Columnistas

LITERARTE. Momento de lectura y reflexión

“A los que quieren dejar una huella.

A aquellos que buscan la plenitud del alma.

A quienes tienen la dicha de poder hacer lo que aman.

A los que llevan escondida la luz del arte en su interior, tal vez estas palabras los impulsen a encontrar su don y a expresarlo”.

Melisa Rodríguez tiene 39 años. Nació en Lincoln y vive aquí con sus dos hijos. Es artista, bailarina, actriz, escritora, y profesora de Lengua y Literatura.

Forma parte de grupo de la Compañía de Artes Escénicas PO. “Arte Con Piel Original”, en la que, junto con Mariela Sanín y todo su equipo, desarrolló su trayectoria artística desde pequeña. Publicó su primer libro, “Cada parte de mis partes”, en noviembre de 2021 y actualmente se encuentra trabajando en su próximo proyecto literario.

Una vez, un padre miraba a su hija saltar las vallas del campo de equitación y, como si estuviera encantado, bajo los efectos de un hechizo, murmuró: “Ella, la que dibuja las nubes”. Estas palabras me emocionaron, resonaron en mí e inspiraron esta historia…

La que dibuja las nubes

Siena era audaz, espontánea y muy elocuente. De estatura mediana, menuda y pelirroja. Piel blanca, mejillas rosadas, y unos ojos claros y saltones, que conquistaban a distancia.

Sergio tardó en enamorarse de ella lo que tardan los pimpollos en florecer en primavera.

En otoño, el paisaje y las hojas en el suelo hacían juego con el cabello de Siena. Cómo le gustaba mirarla mientras peinaba a su caballo al rayo del sol.
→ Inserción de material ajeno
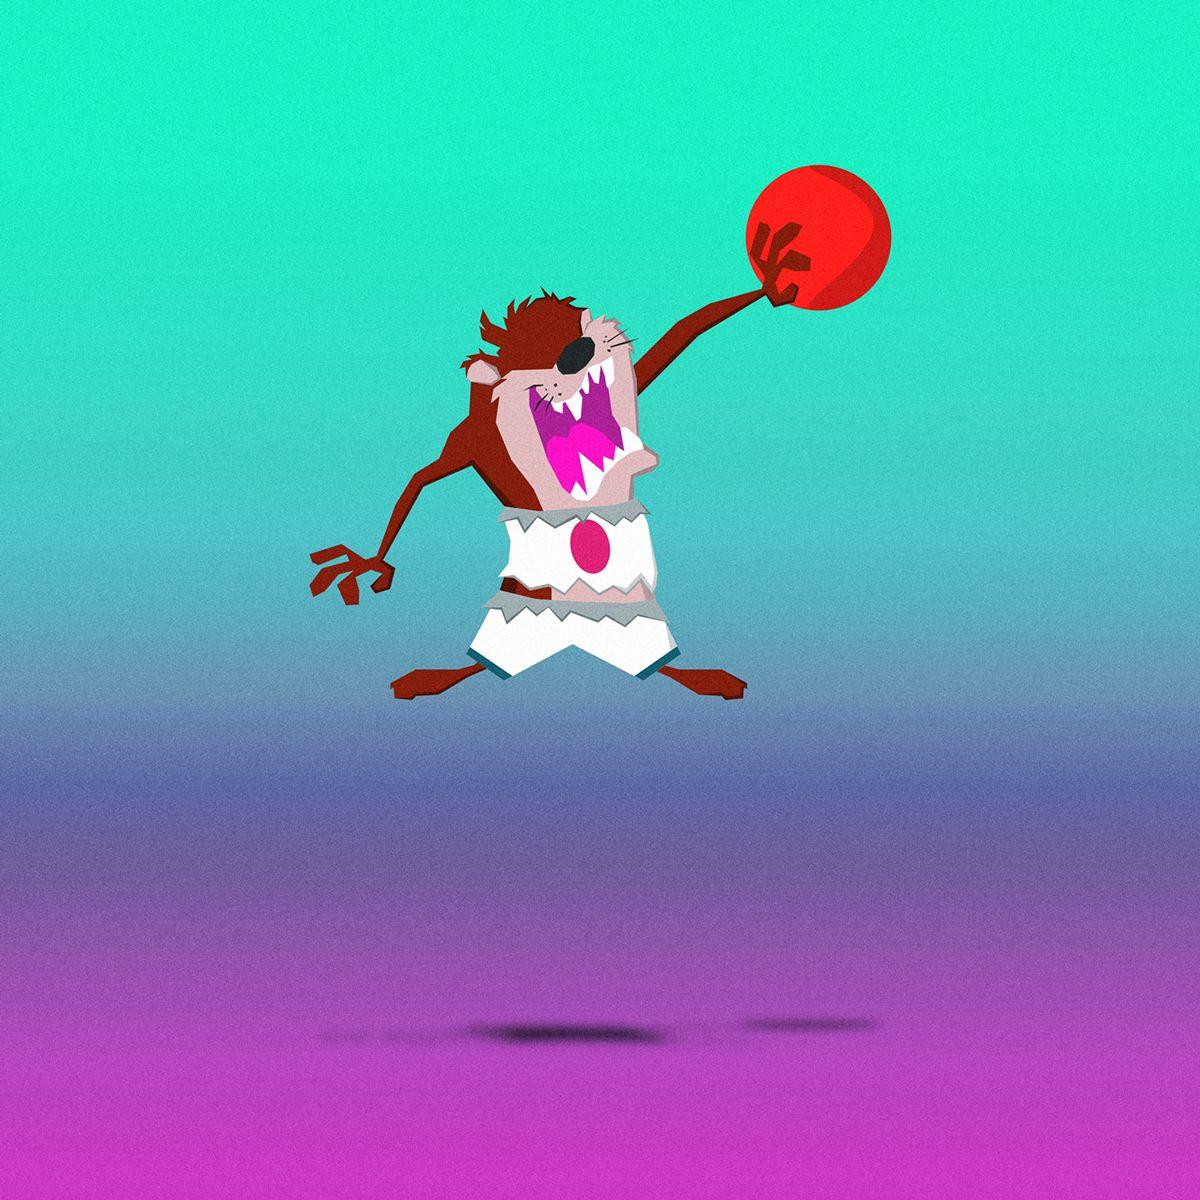 / Space Jam / on Behance #spacejam #michaeljordan #jumpman23 #jumpman #basketball #movies #cartoons #tasmaniandevil
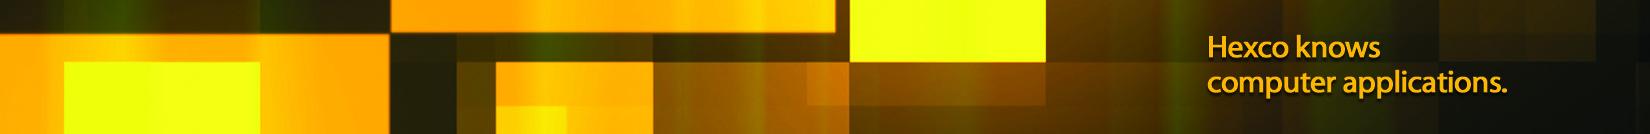 comp-apps-banner-2020.jpg

Cómo la deseaba.

En la estancia “Las Nubes” había mucho trabajo, y más en el mes de mayo, después de las lluvias, cuando todos se centraban en la fiesta del pueblo.

Montañas de hojas secas se juntaban en las esquinas de los bebederos de caballos, detrás de las puertas, debajo de los hierros del molino. Jonás era quien se encargaba de levantarlas y de llevarlas a quemar al viejo aljibe. Hacía varios viajes en un tractor ruidoso. Siena lo esperaba y, juntos, con un rastrillo de alambres oxidados, llenaban el aljibe y encendían el fuego. Allí se quedaba por unos instantes, contemplando las llamas, primero, y el humo, después.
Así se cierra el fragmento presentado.